◆ ASSIGNED TASK ◆
Write the data out again exactly, with no pictures.

◆ MATERIAL PROVIDED ◆
------

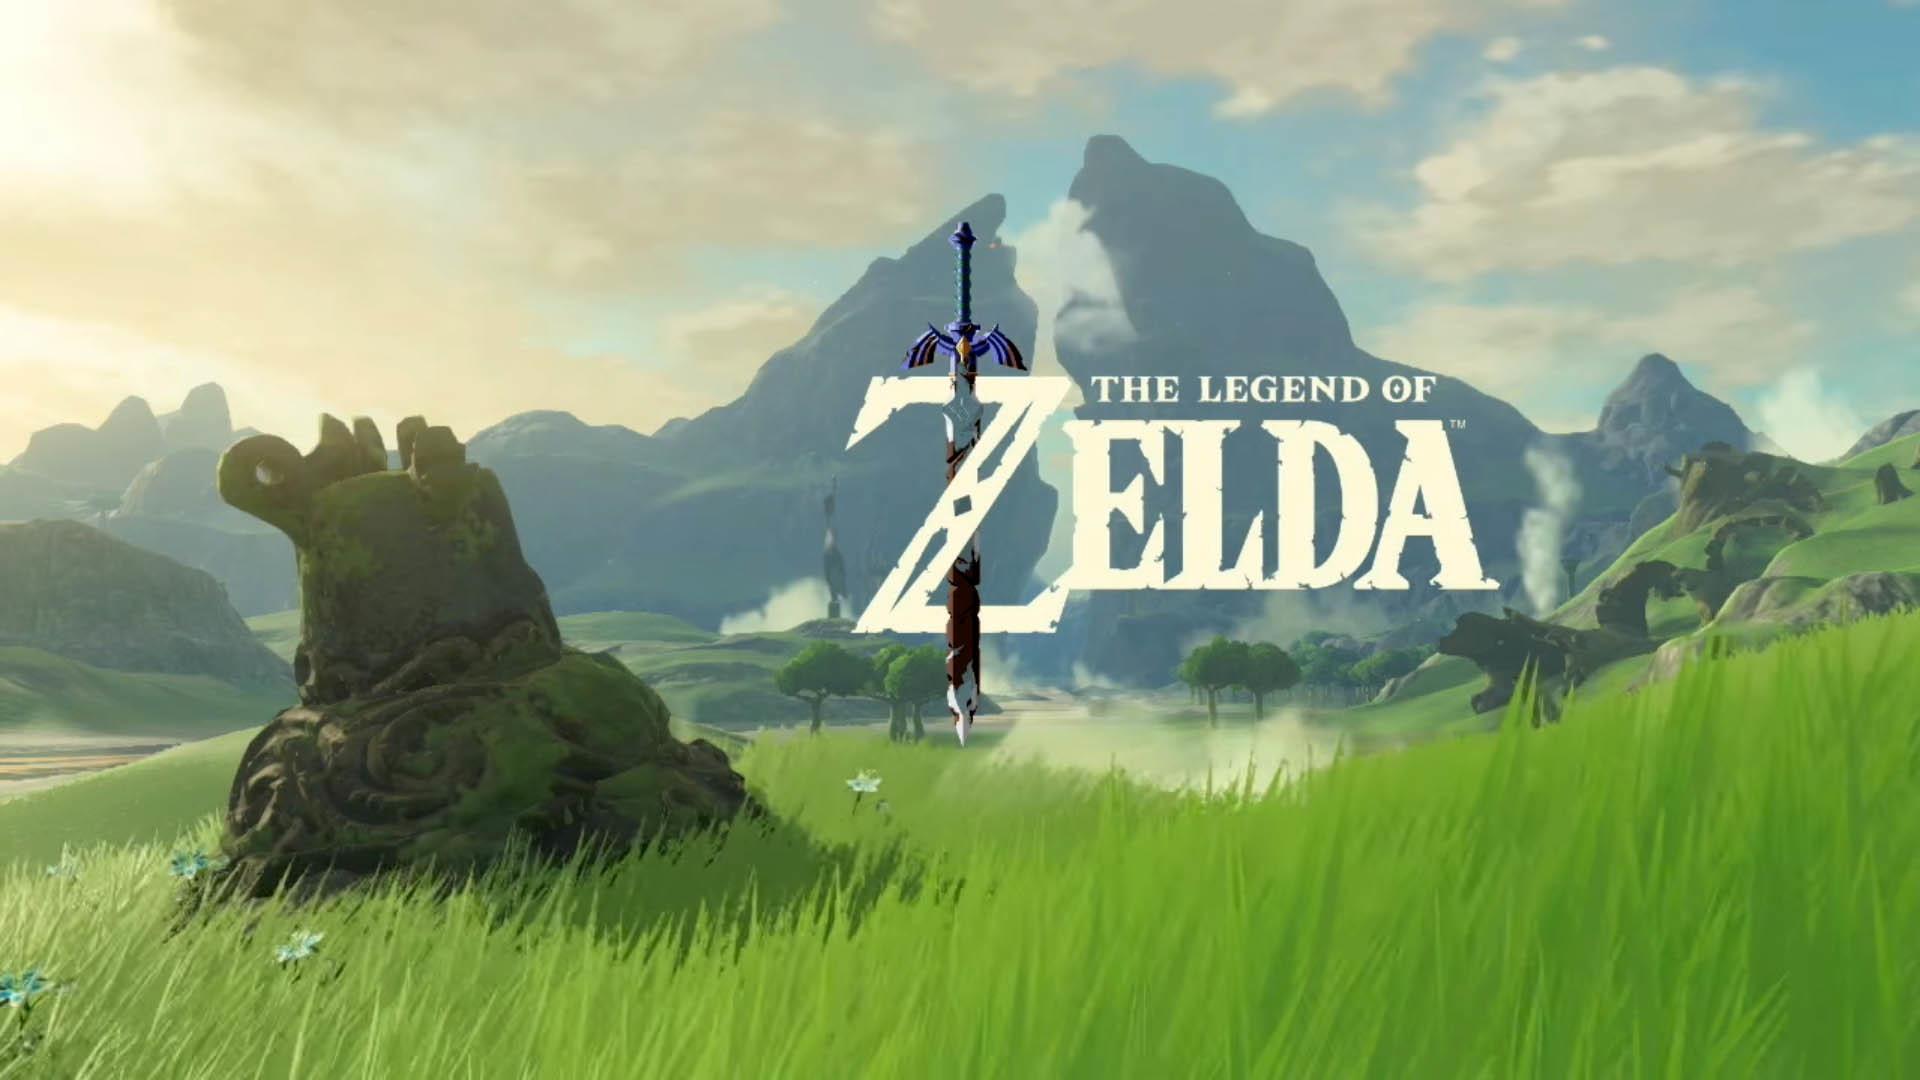 The Legend of Zelda wallpaper
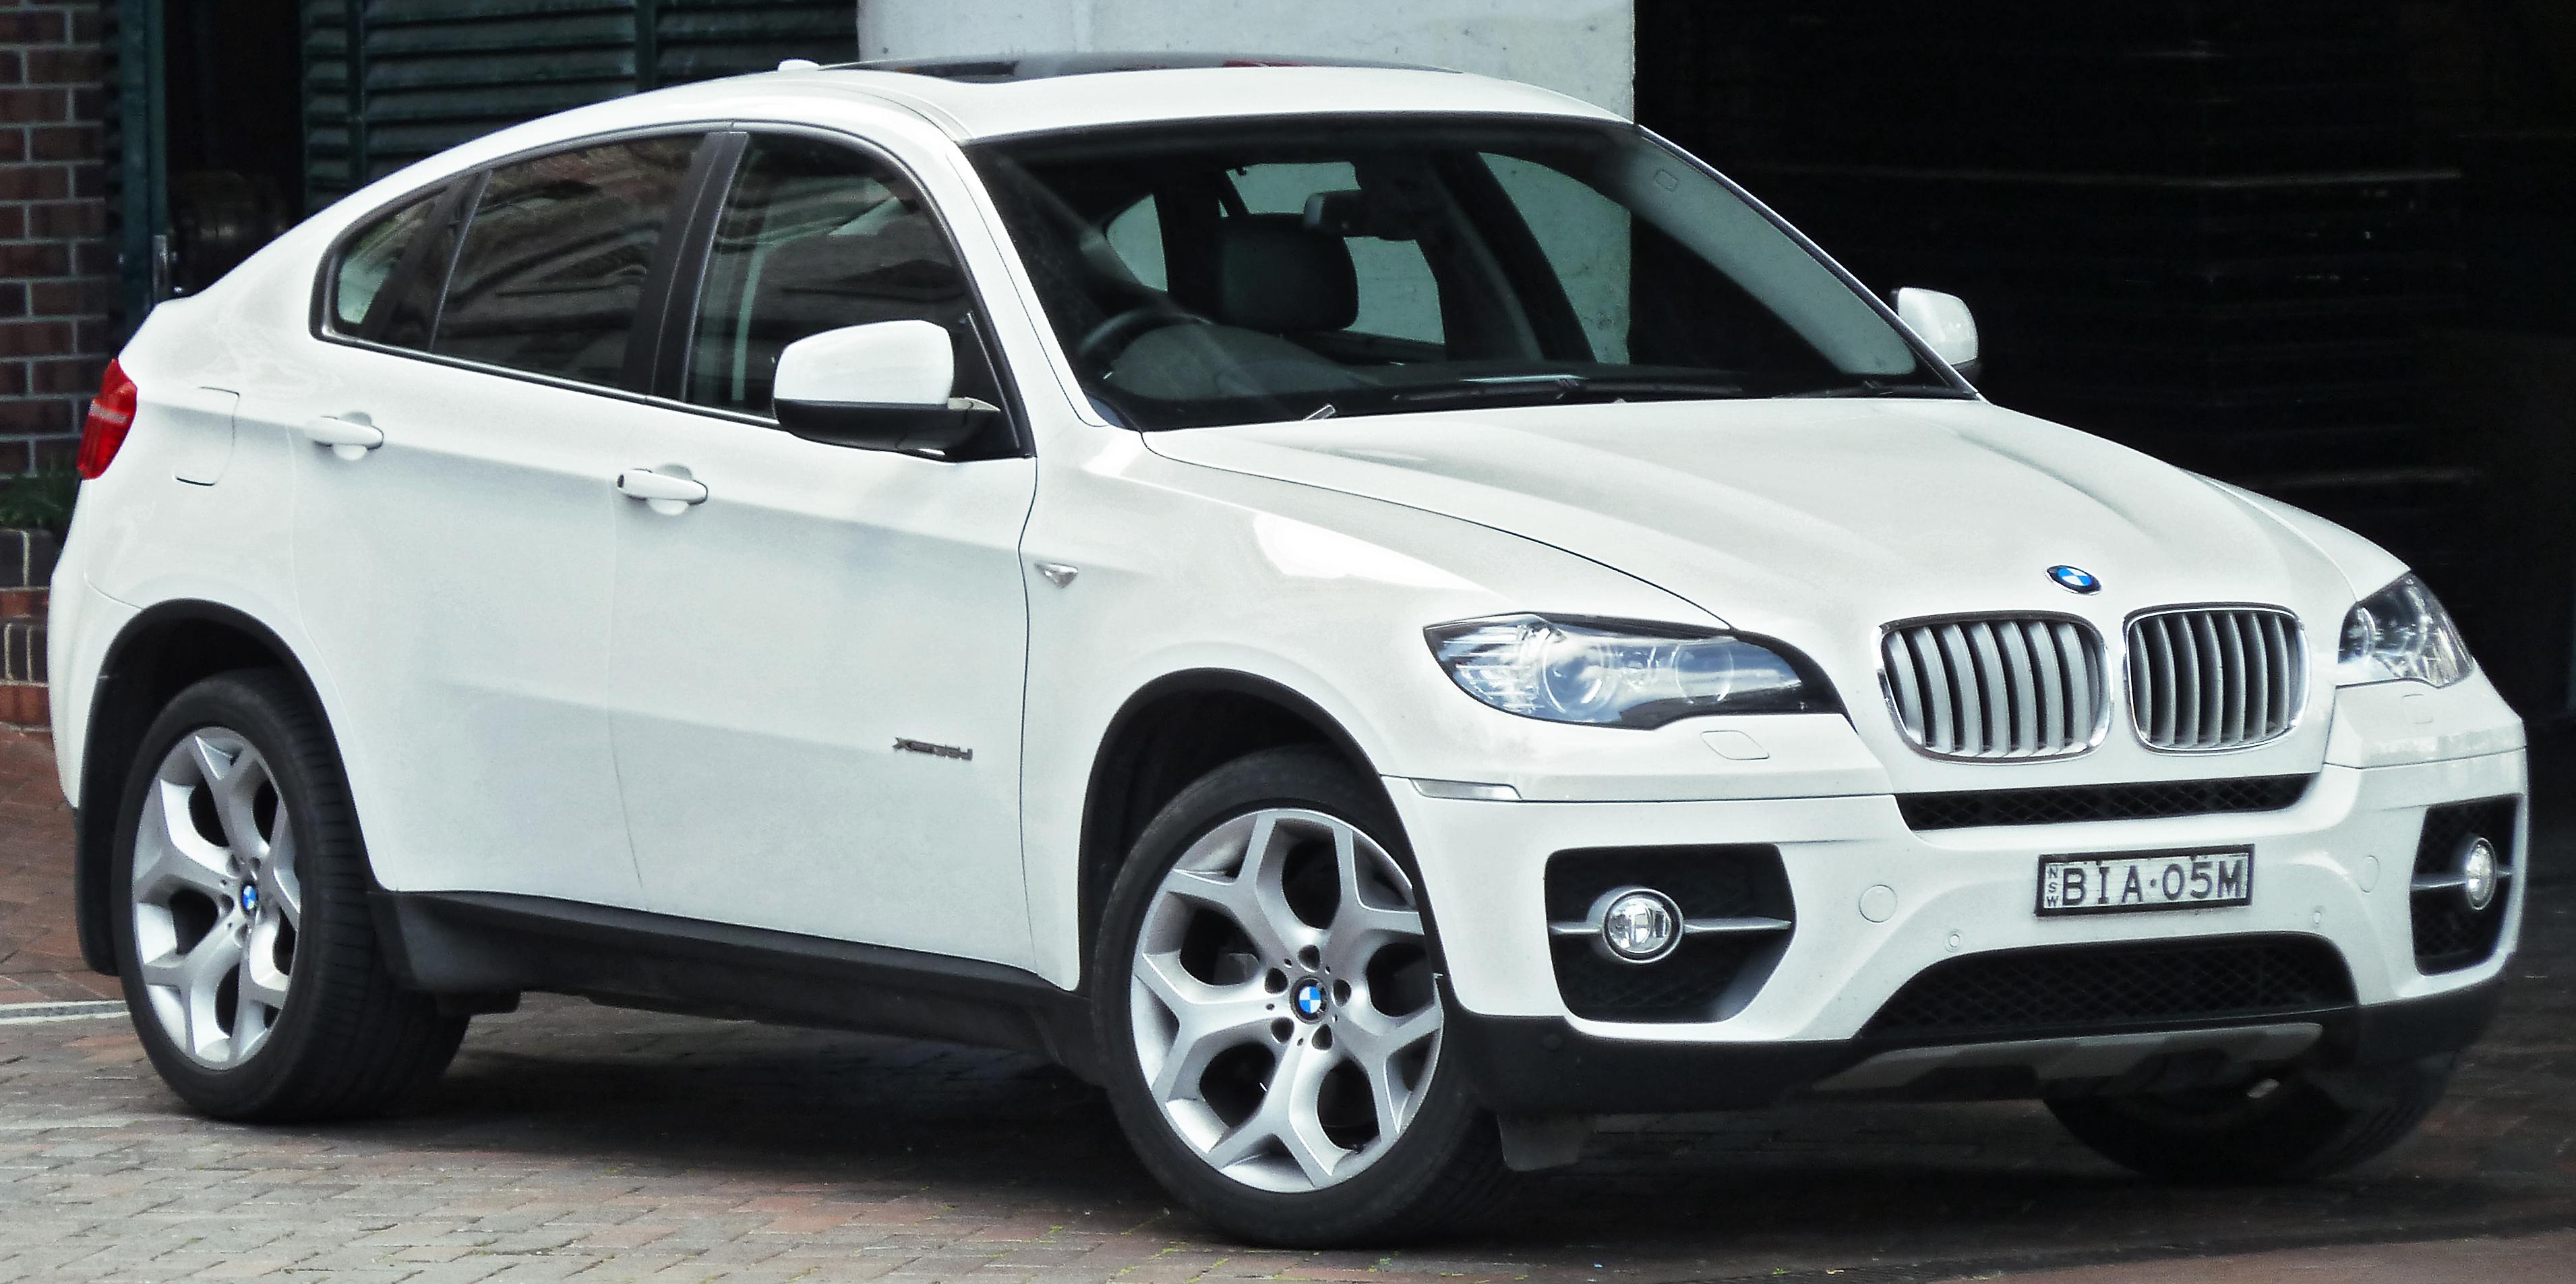 BMW X6 topcarsscom 3821x1904
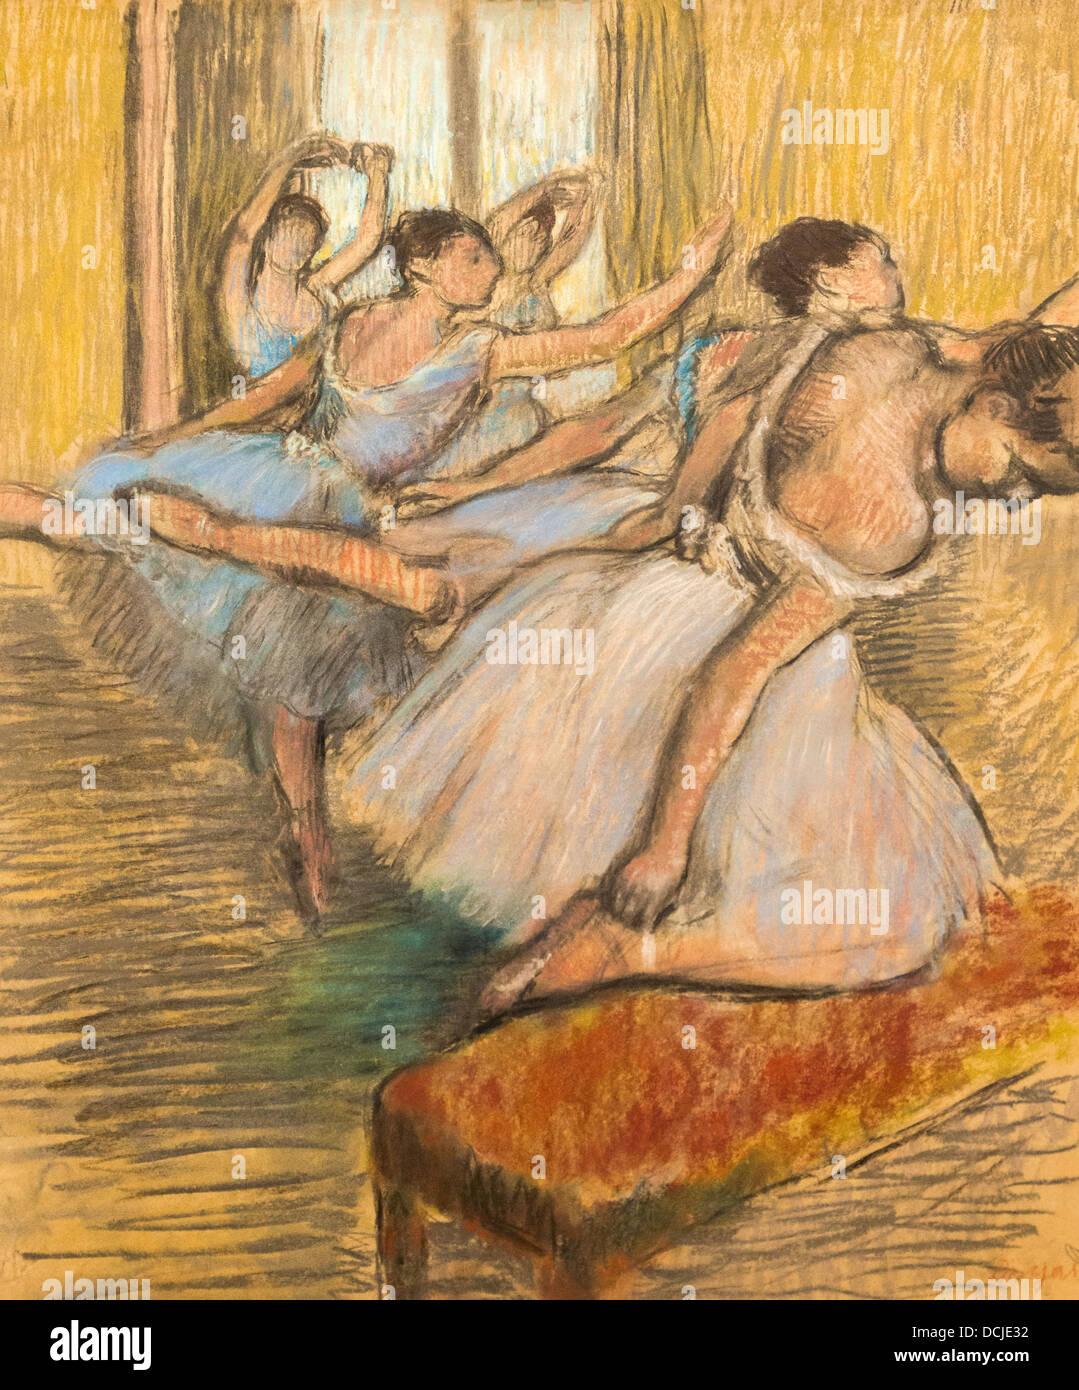 20e siècle - les danseurs, 1900 - Edgar Degas Philippe Sauvan-Magnet / Active Museum Photo Stock

------

◆ REPLY ◆
 The Legend of Zelda wallpaper
 BMW X6 topcarsscom 3821x1904
 20e siècle - les danseurs, 1900 - Edgar Degas Philippe Sauvan-Magnet / Active Museum Photo Stock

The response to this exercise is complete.